**Activity**
Output every line below as it stands, dropping only the images.

**Information shown**
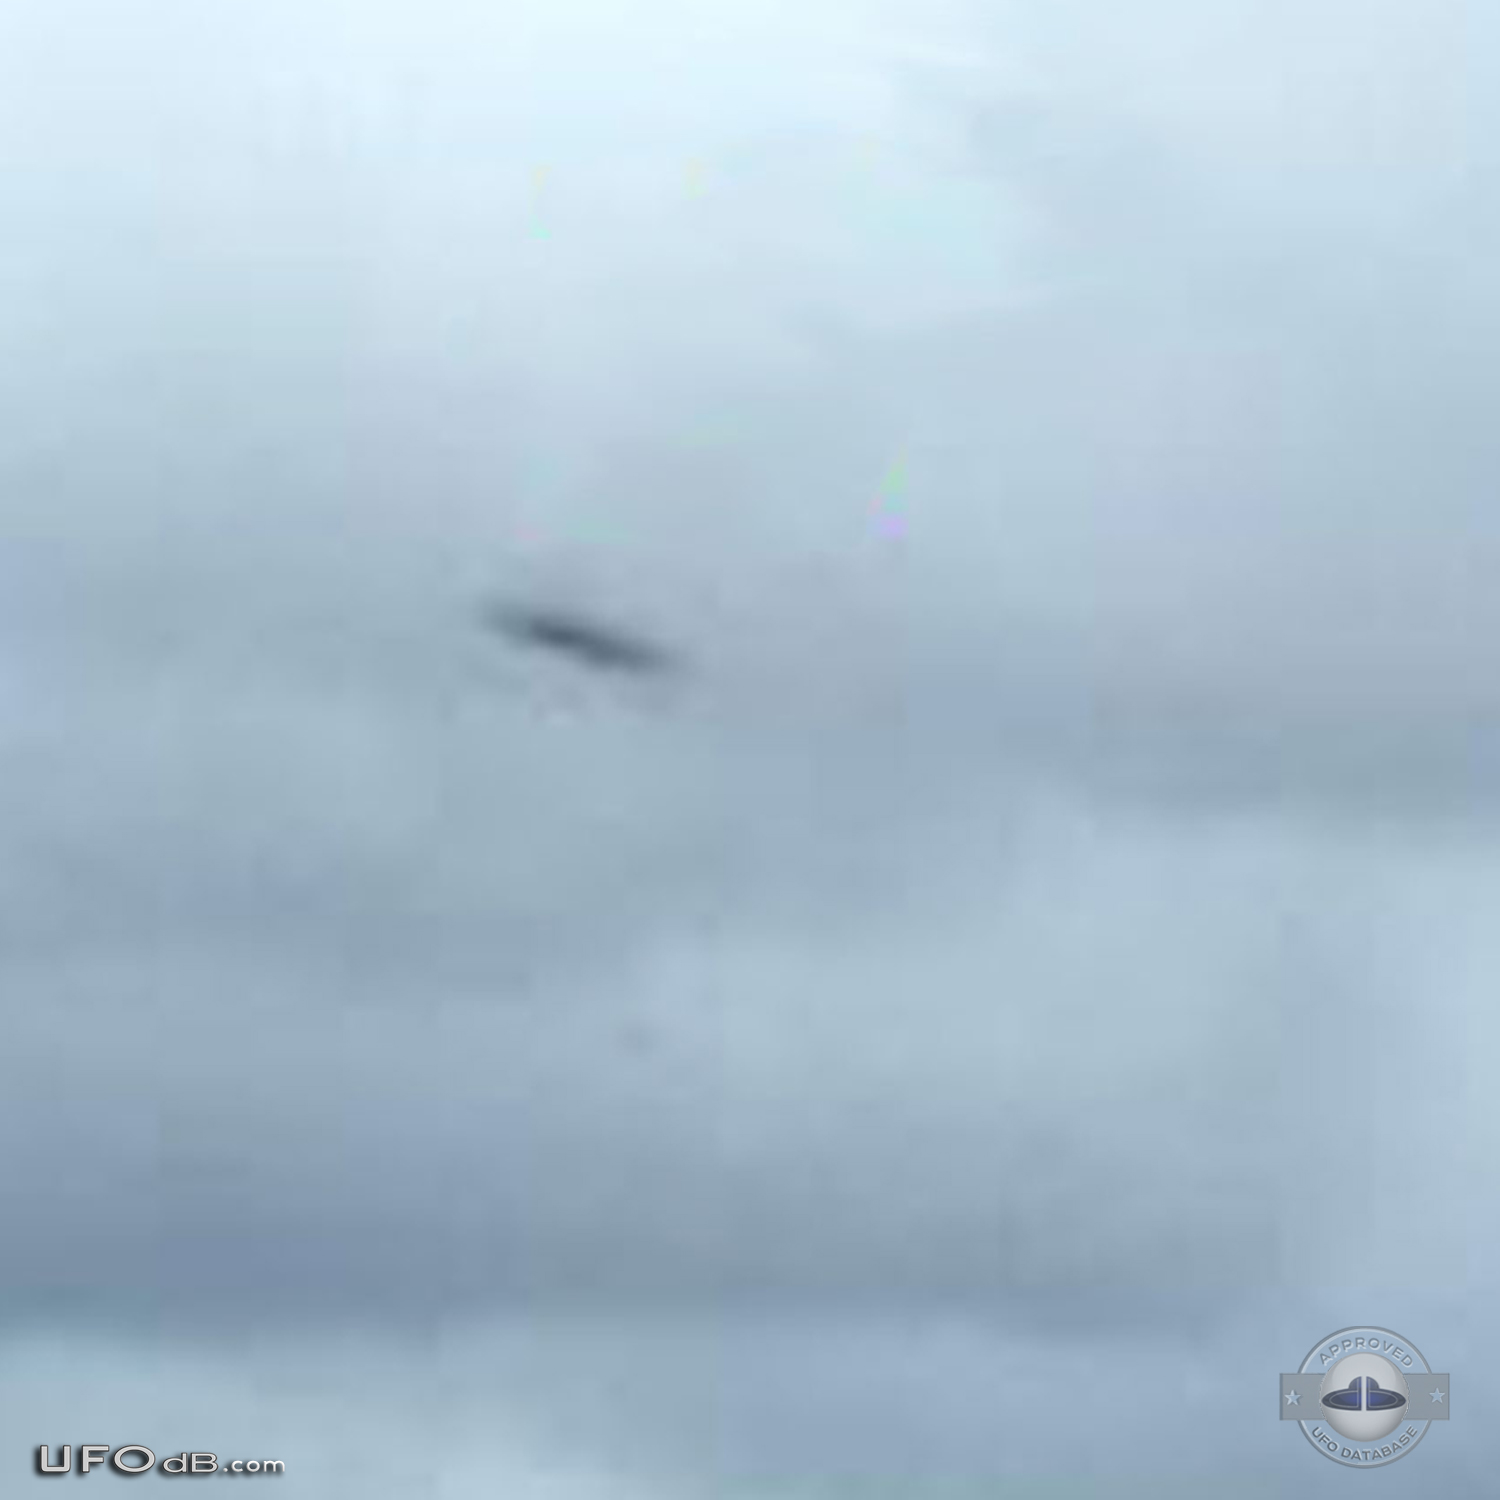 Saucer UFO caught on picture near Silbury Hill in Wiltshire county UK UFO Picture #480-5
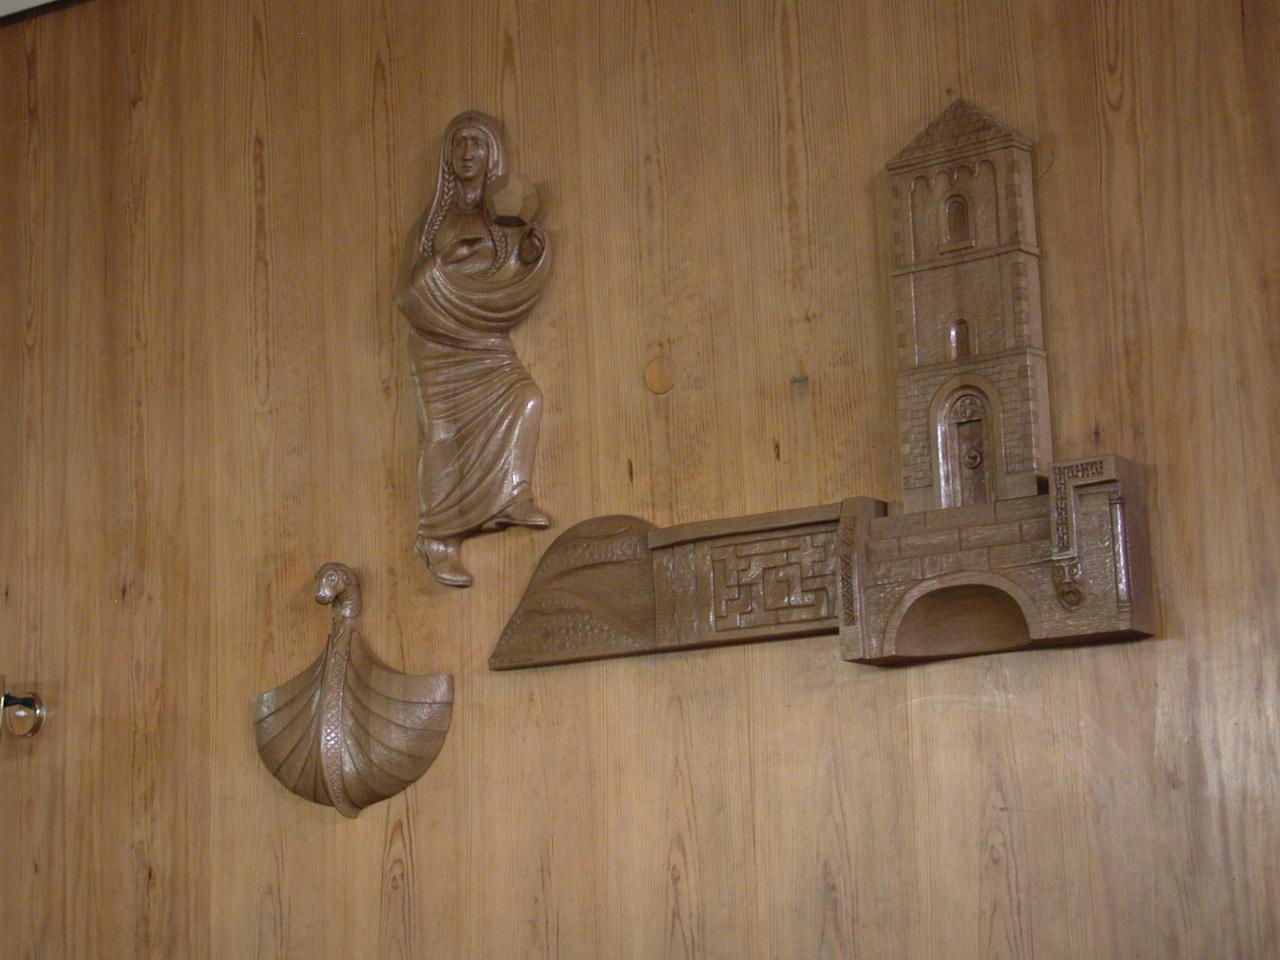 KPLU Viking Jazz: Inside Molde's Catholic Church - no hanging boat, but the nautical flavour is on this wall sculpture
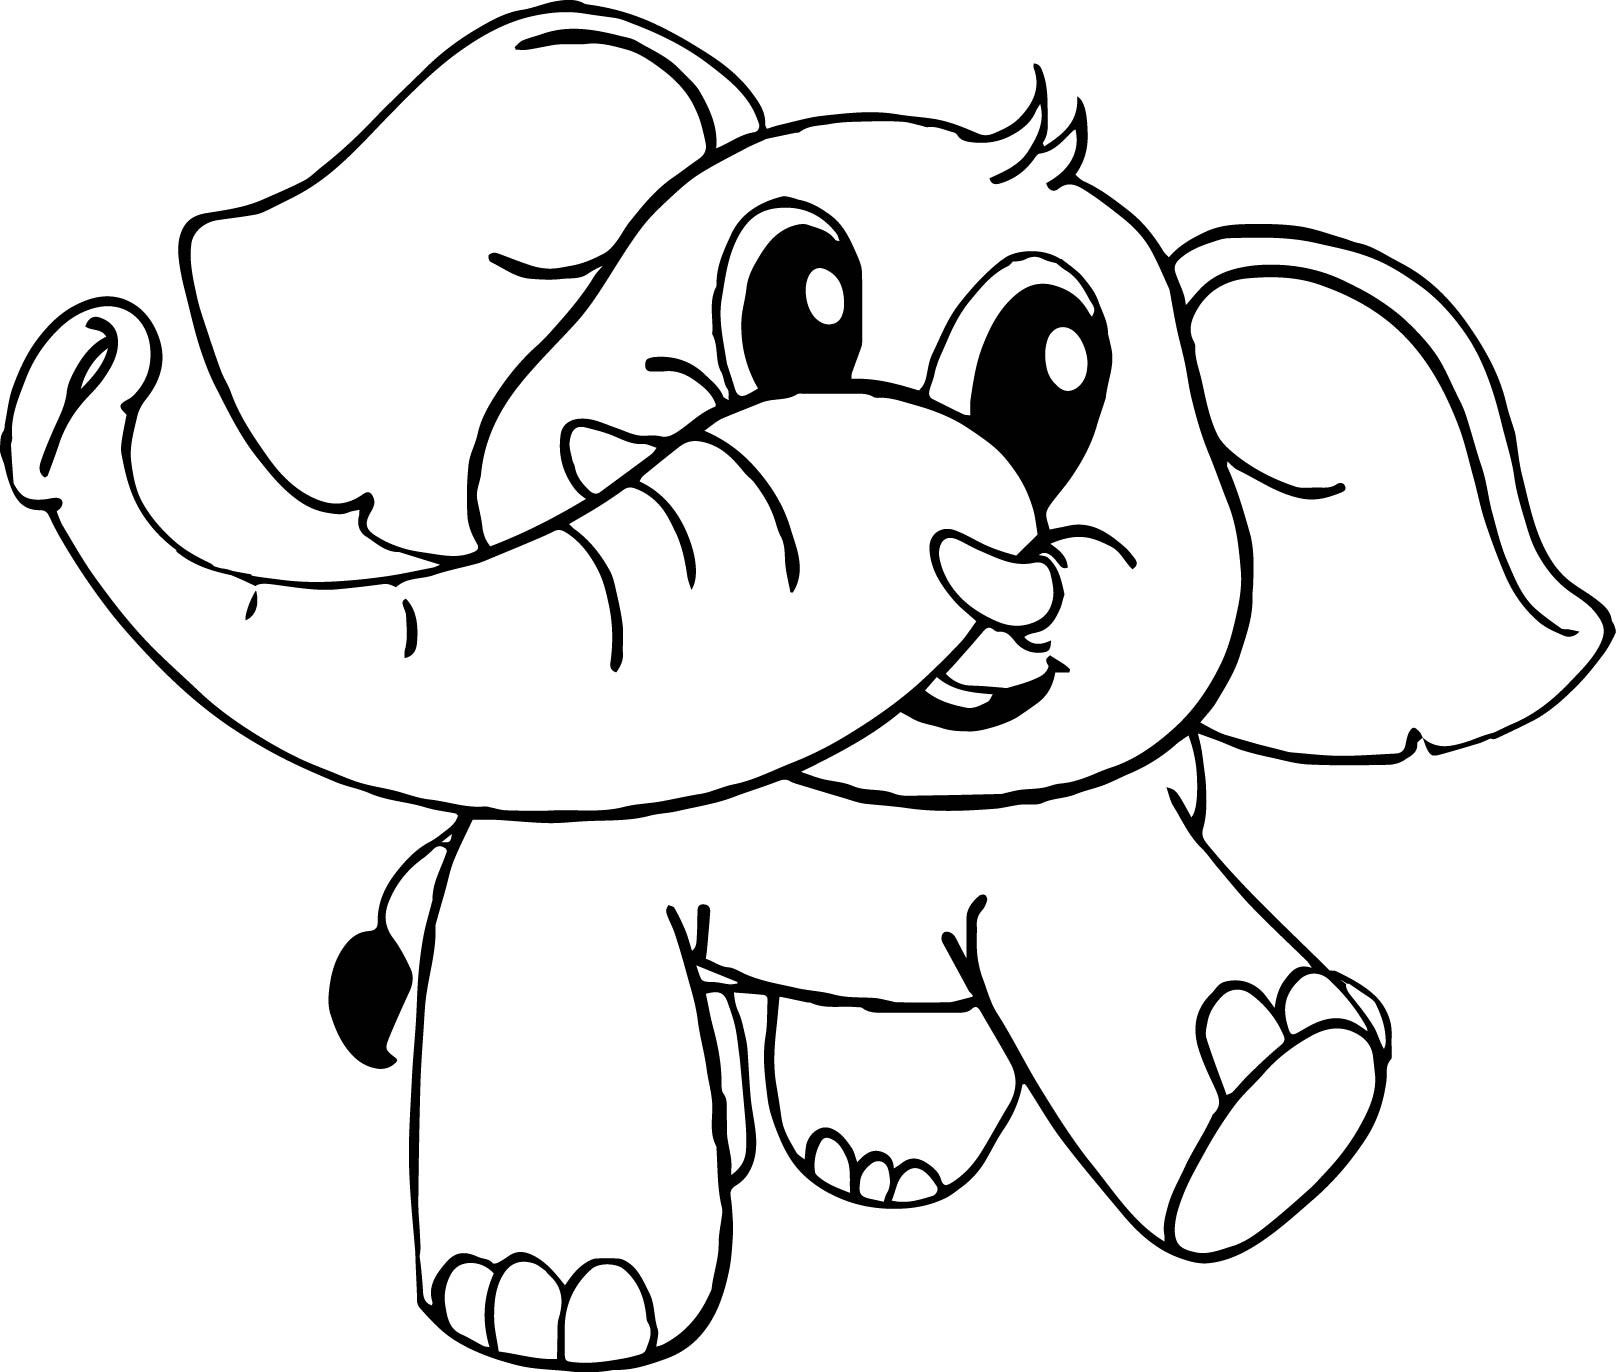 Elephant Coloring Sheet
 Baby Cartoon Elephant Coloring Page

**Reply to the task**
 Saucer UFO caught on picture near Silbury Hill in Wiltshire county UK UFO Picture #480-5
 KPLU Viking Jazz: Inside Molde's Catholic Church - no hanging boat, but the nautical flavour is on this wall sculpture
 Elephant Coloring Sheet
 Baby Cartoon Elephant Coloring Page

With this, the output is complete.